Migration could be the biggest single issue many process and batch automation system end users face today. ARC Advisory Group estimates that the combined value of the installed base of automation systems now reaching the end of their useful lives is approximately $65 billion. This represents a big opportunity for end users in the chemical process industries and their automation suppliers alike.
In Part 1 of this three-part series, we discussed the driving forces for system migration. Here, in Part 2, we discuss several different approaches and the respective benefits and challenges of each approach.
Control System Migration Alternatives
When upgrading an outdated system, end users face a difficult choice – should they replace the system wholesale, or in phases over time? The single total replacement option for migration or upgrade involves replacing the entire outdated infrastructure all at once, eliminating all existing control system equipment and installing new equipment. Phased migration, on the other hand, involves a gradual migration over a predefined period, using a phased approach. The former can be more costly in terms of initial cost layout for hardware, software, labor, downtime and training. It can also involve the greatest amount of risk because you cannot go back to the old system if the new system does not perform as anticipated.
Rip and Replace versus Phased Migration
Operational or commercial requirements often force owner-operators to consider either a wholesale “rip and replace” migration, characterized by a single project event where the legacy system is removed and the target system is installed, or a “phased” migration where different levels of the legacy system are replaced by levels of the target system in phases over time.
Wholesale migration is straightforward and relatively simple to execute because it takes place in a single event. It will probably include a combination of primary alternatives, but is usually performed during a planned shutdown, with no need to accommodate intermediate components of the target system.

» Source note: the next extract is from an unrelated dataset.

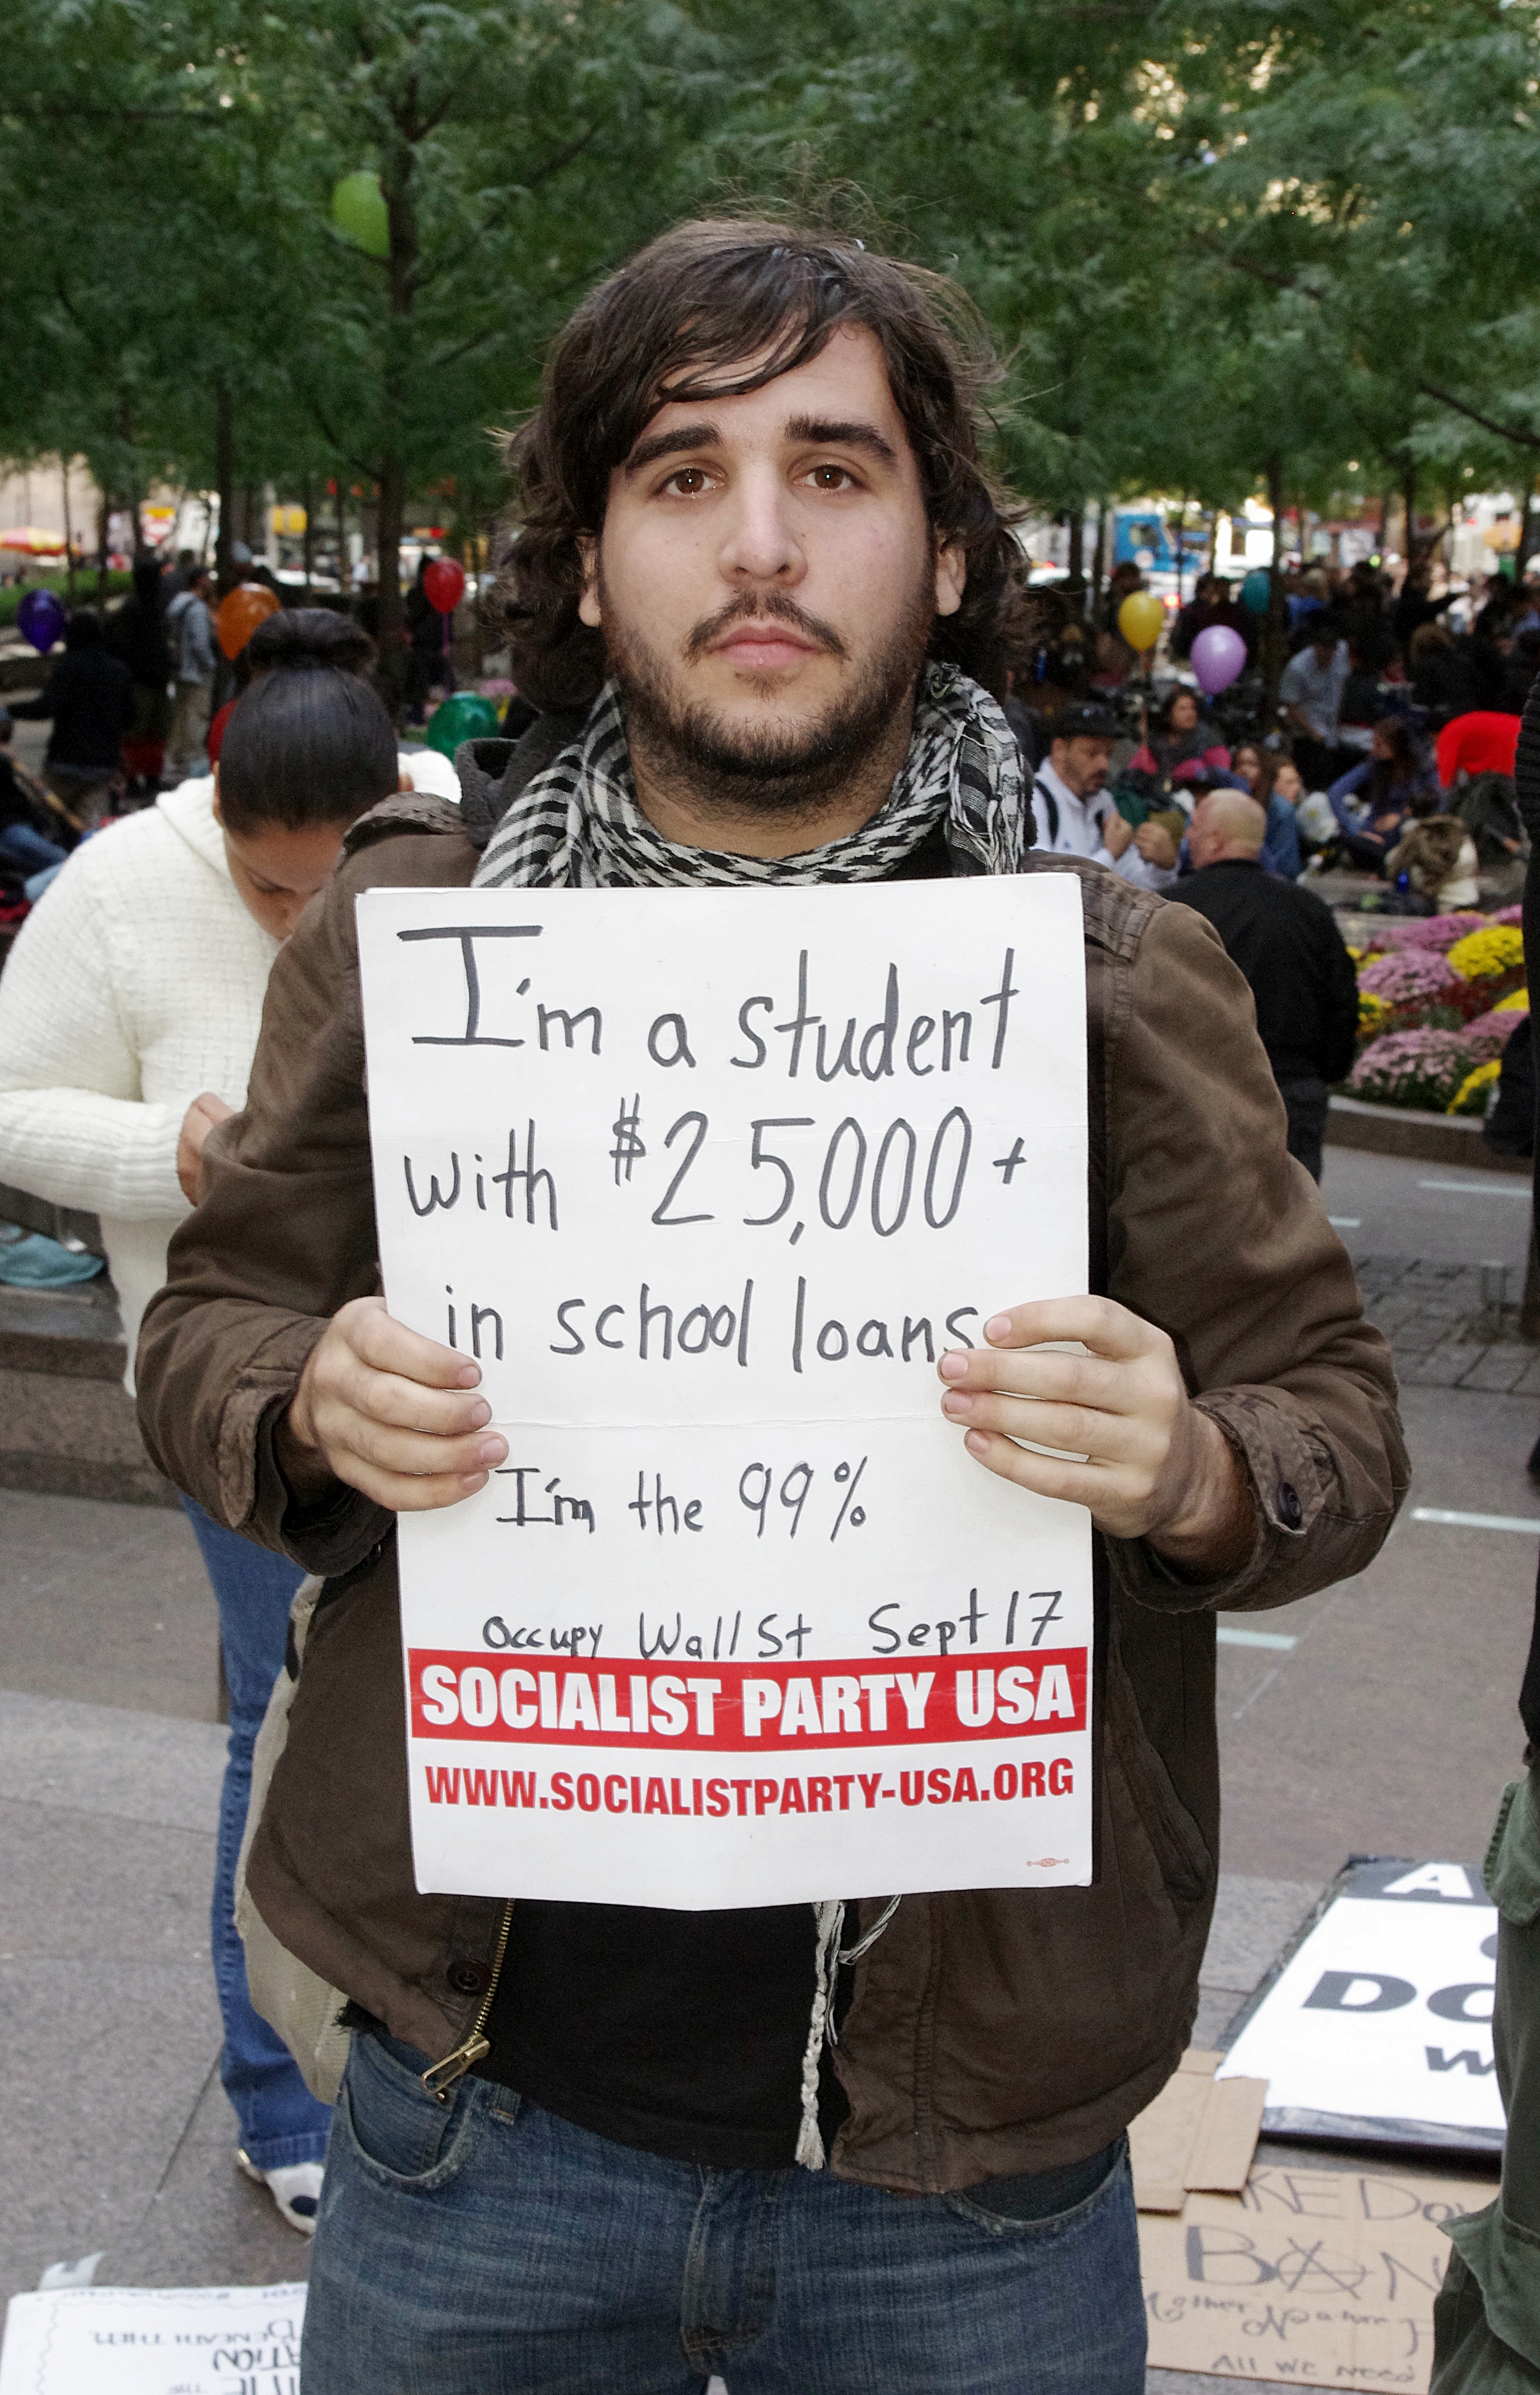 デモ参加者が掲げていた、米国の学生の負債状況。ウォール街占拠デモの3日目、マンハッタンのズコッティ公園にて。撮影：デビッド・シャンクボーン（CC BY 3.0）

The hardware infrastructure, including wiring and I/O, can become embedded in the plant, making it very difficult and cost prohibitive to do a wholesale replacement of the system. Users also invest thousands of man-hours developing control code, graphics and documentation. Some form of intellectual property, whether it is a plant asset-management or information-management system, is also typically incorporated. Single total replacement makes it difficult to preserve this investment.
There are cases, however, where the user may want to consider a single total replacement approach. Primary factors driving this approach include availability of a time window during the regularly scheduled turnaround, the type of manufacturing process involved and the experience of the supplier and/or the system integrator partner involved in the project. When the circumstances are right, a single total replacement can be the fastest and possibly the least costly option because there is less downtime and less redundant labor compared to the aggregate cost of system evolution or migration in multiple phases. Another potential benefit of single total replacement is that it ensures a single, current generation of system and the associated reduced total cost of ownership (TCO).
Migration During Scheduled Turnarounds
If you plan to do your migration project during a scheduled turnaround, the space between shutdowns could turn out to be a serious issue. If you do a phased migration during scheduled shutdowns, but your plant only shuts down once every two years, your migration project will probably be obsolete once it is complete. Unless the migration can be accomplished with no downtime as a hot cutover (or at a time outside of the scheduled shutdown), the single total replacement approach could be justified.
Manufacturing Process Dictates Approach
The type of manufacturing process can also dictate the appropriate migration strategy. For example, many batch process manufacturers have facilities with multiple production trains and a common preparation area. These multiple processing lines can also have dedicated finishing areas for each train. In many cases, the trains are flexible enough so that multiple products can be made on any train and turnarounds on these kinds of processing lines can be very infrequent, along the lines of every two years or so.